## Directions
Transcription, pictures excluded: write out the data below exactly.

## Information shown
☆ ☆ ☆ ☆ ☆ ☆ ☆

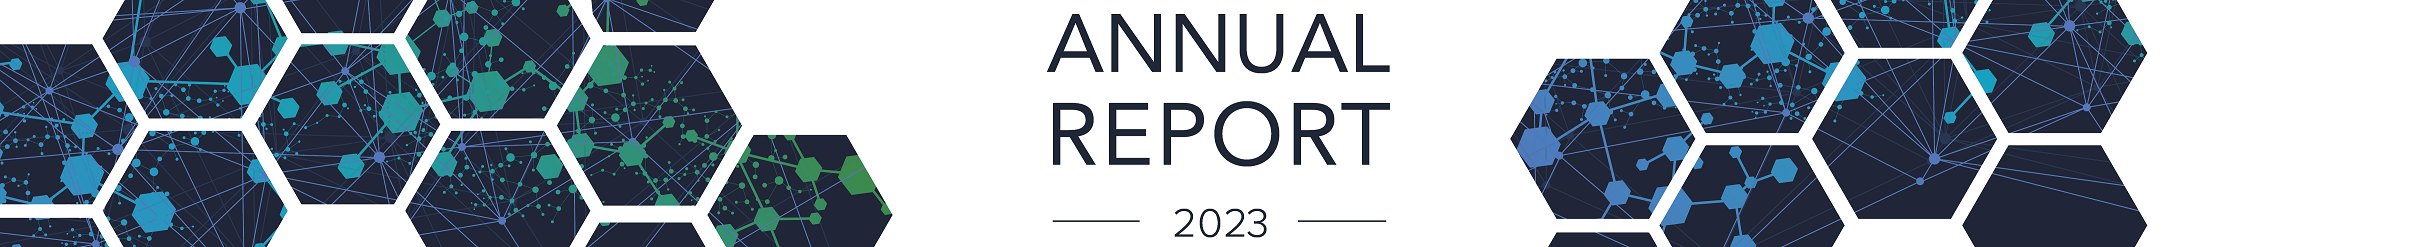 annual report hero image
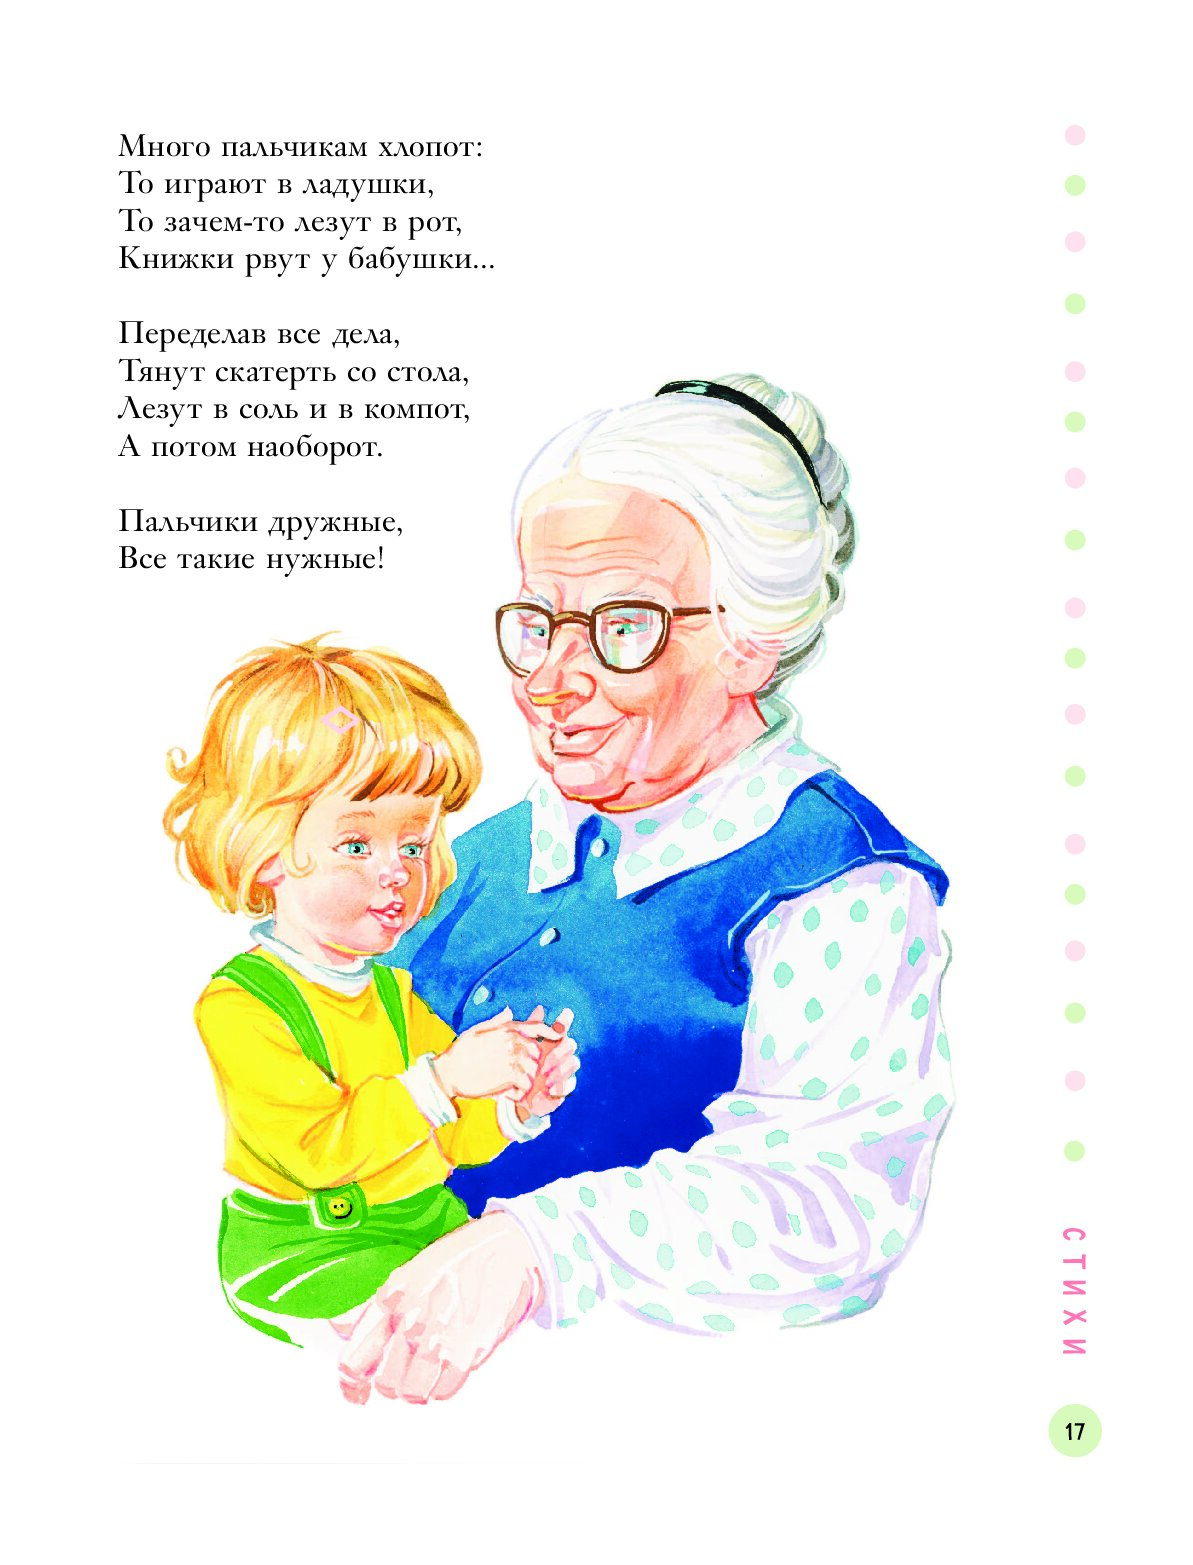 Читать стихи про бабушке
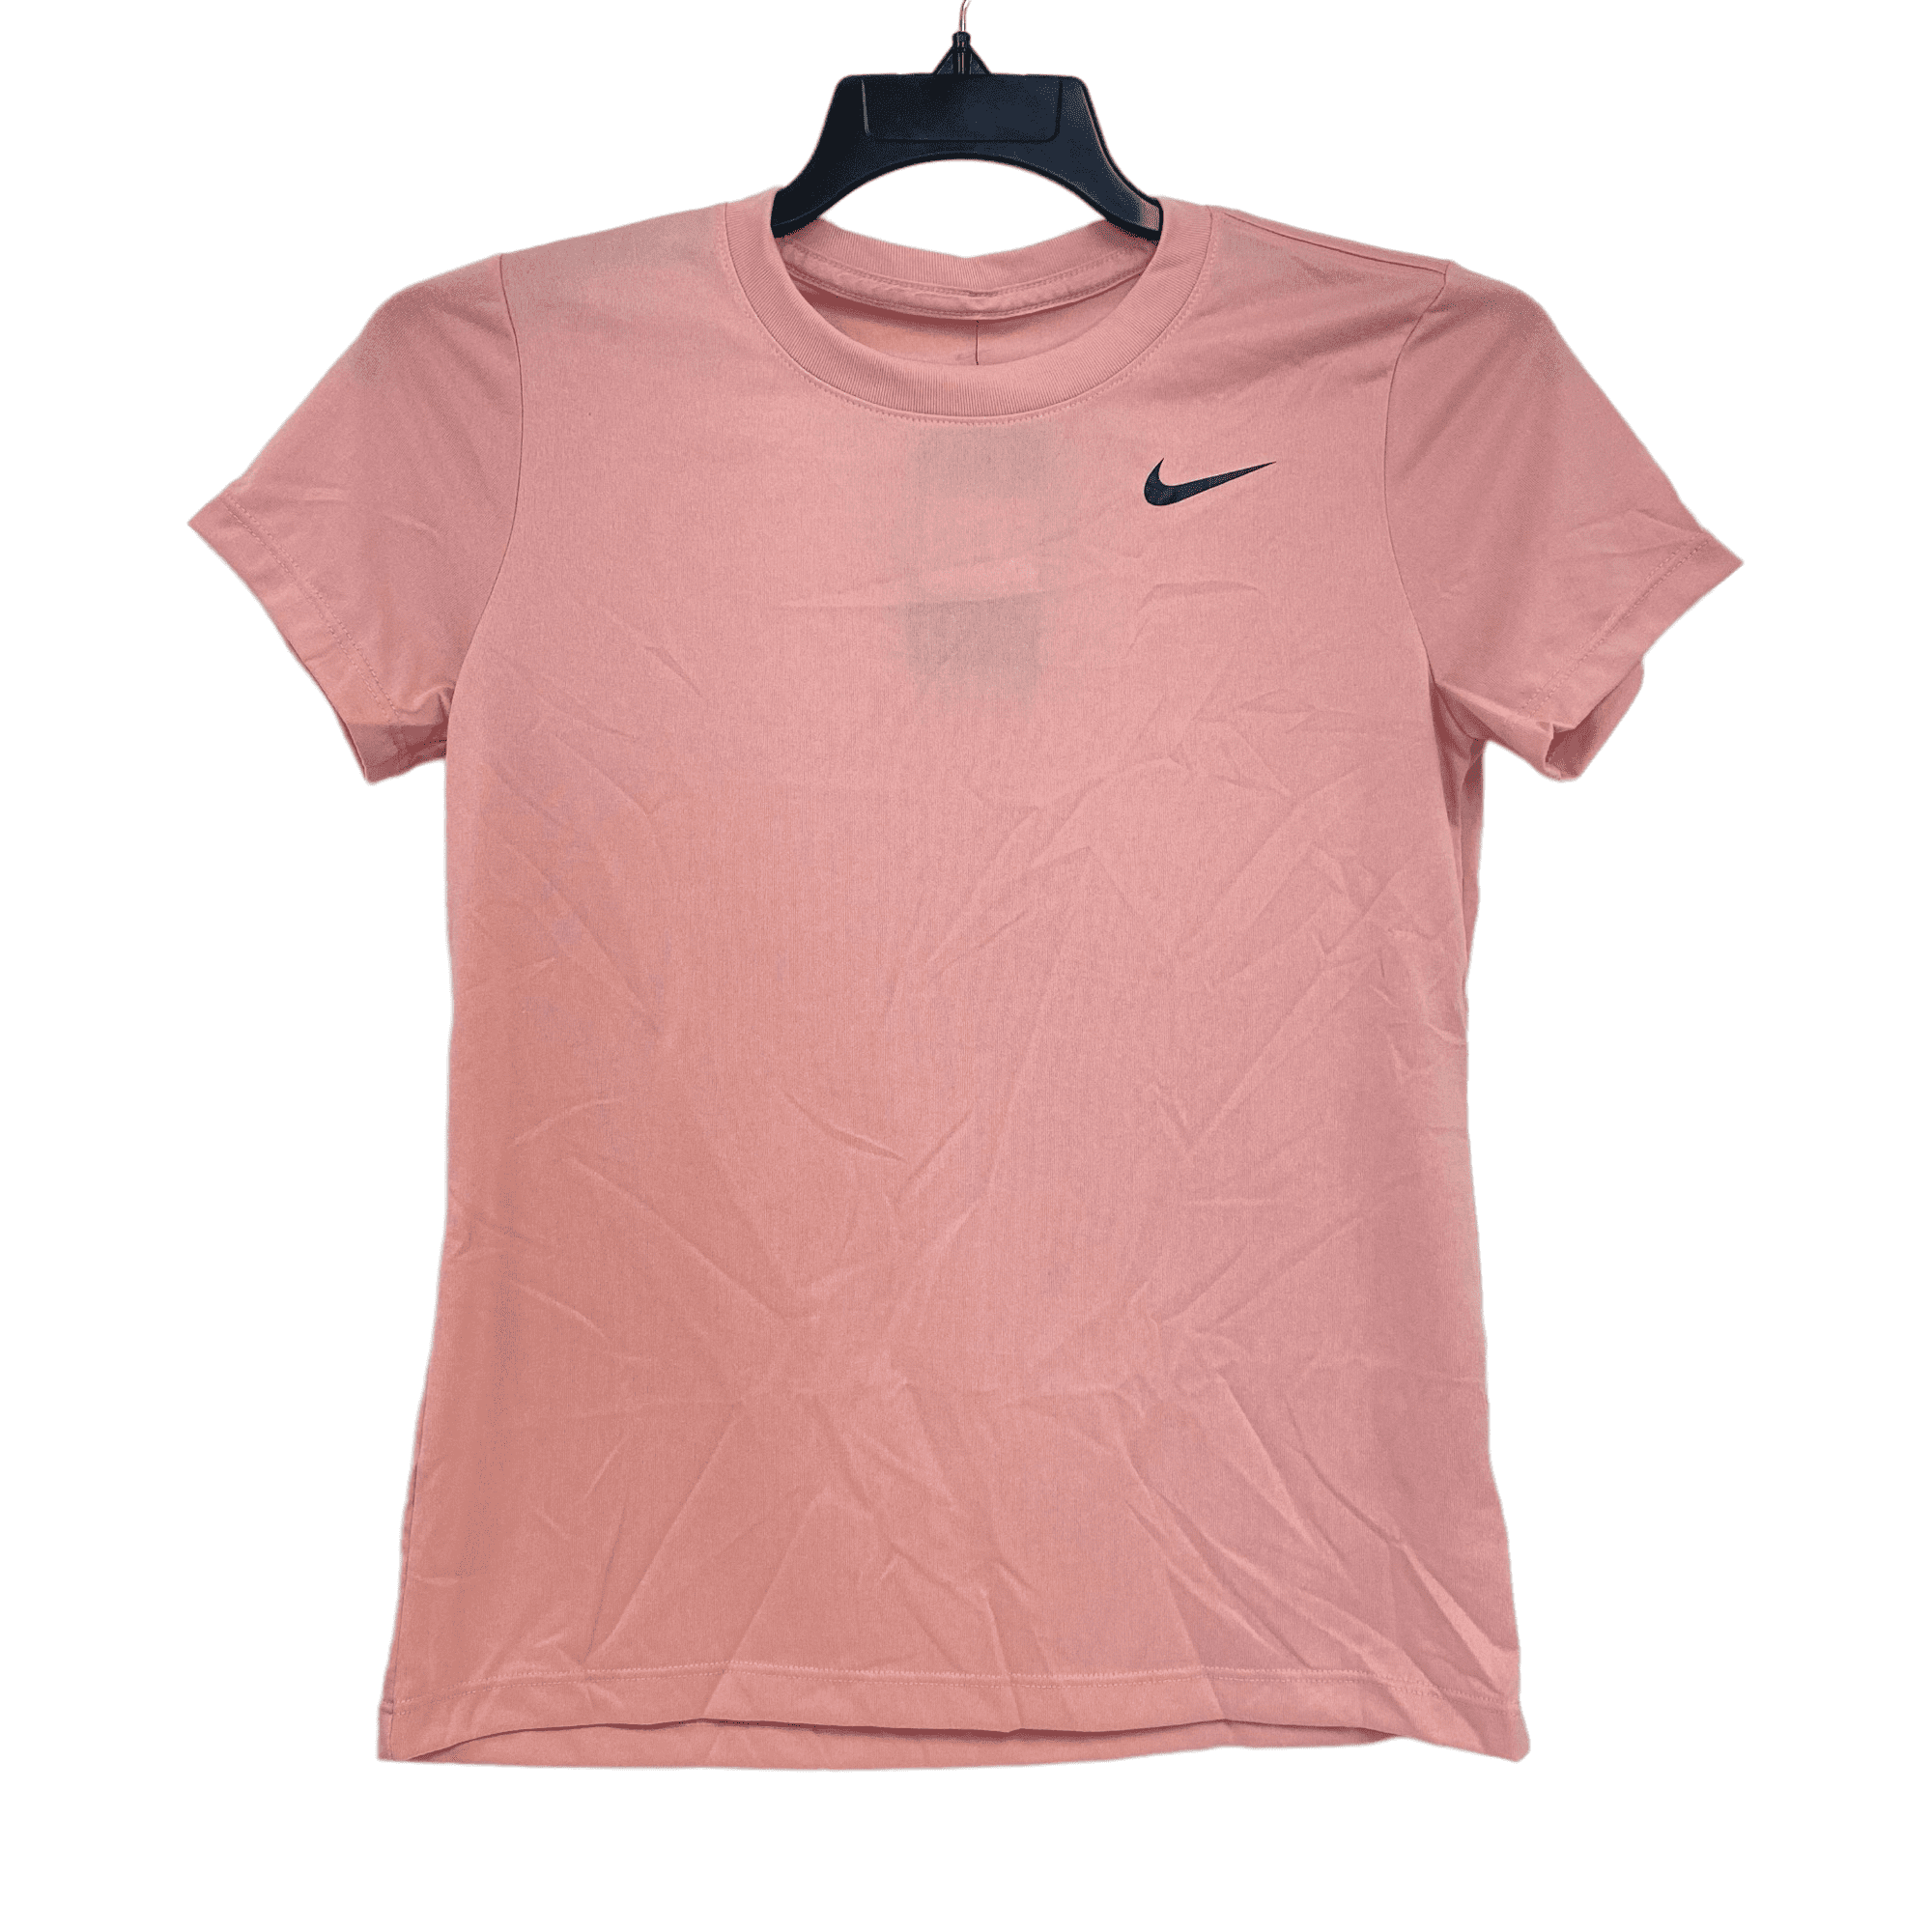 Nike Women's Dry Legend Shirt

☆ ☆ ☆ ☆ ☆ ☆ ☆

## Result below
 annual report hero image
 Читать стихи про бабушке
 Nike Women's Dry Legend Shirt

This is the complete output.